New revised texts on Agriculture and Industrial Goods were issued in May and it is proposed that a Mini-Ministerial meeting be held in Geneva on July 31, to take stock of the progress of the negotiations and, where possible, to move the process forward, the Minister disclosed.
He pointed out that the negotiations and ministerial meetings have had many difficulties. The present round has been going on for six years and there are difficulties in coming to terms with the problems that relate to agreements in agriculture, especially in relation to subsidies and also to non-agricultural market access, in particular, industrial products and also to fisheries.

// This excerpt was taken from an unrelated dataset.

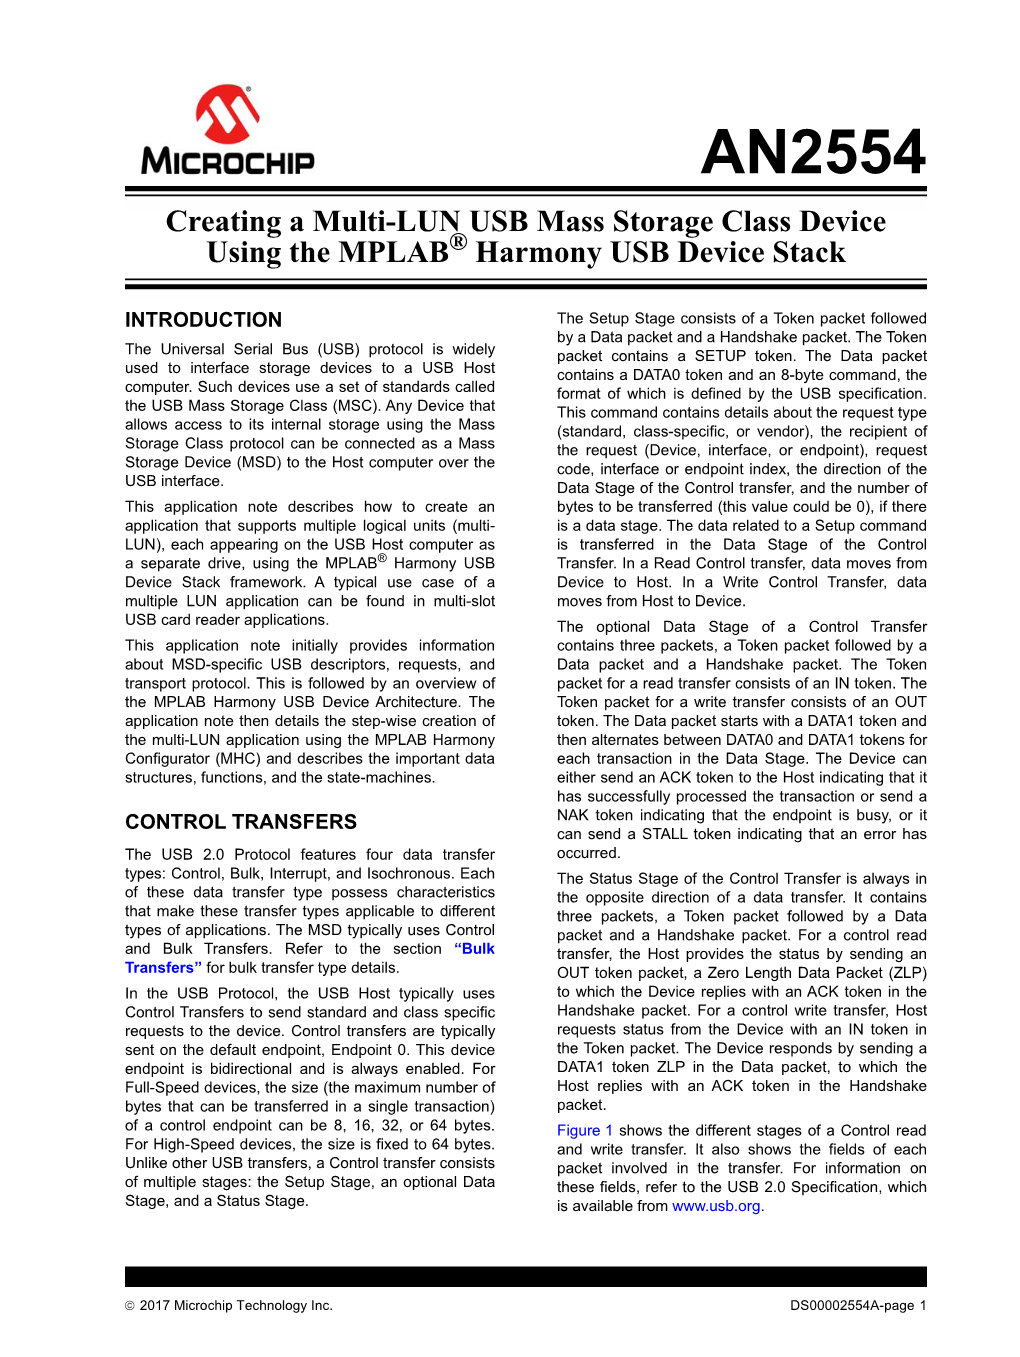 Creating a Multi-LUN USB Mass Storage Class Device Using the MPLAB® Harmony USB Device Stack
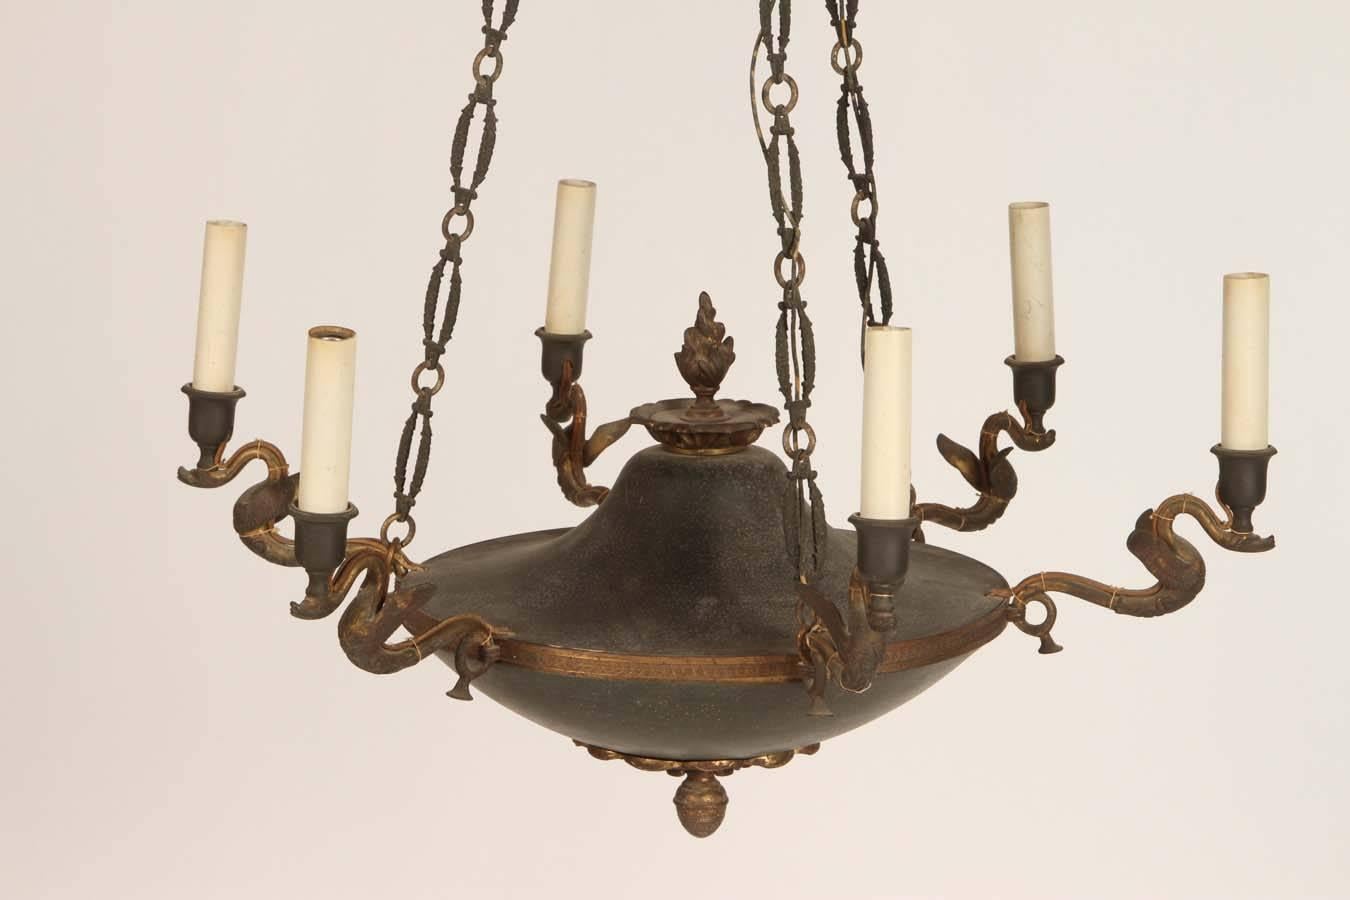 This lovely French Empire style chandelier has six swan arms and a flame finial. Dark green tole painted body. Wonderful original chain and ceiling cap.

These disagreements are in relation to the levels of tariffs and the changes that are being proposed.
Of specific concern to Jamaica, he said, is ensuring that progress is also made in the development issues such as Special and Differential Treatment and outstanding implementation issues and in other areas such as Trade and the Environment.
“I can’t emphasize it too much that Jamaica has made its position clear that there is the need to ensure that any outcomes of the Doha Round must have a development focus, otherwise, it cannot be called a development round,” he said.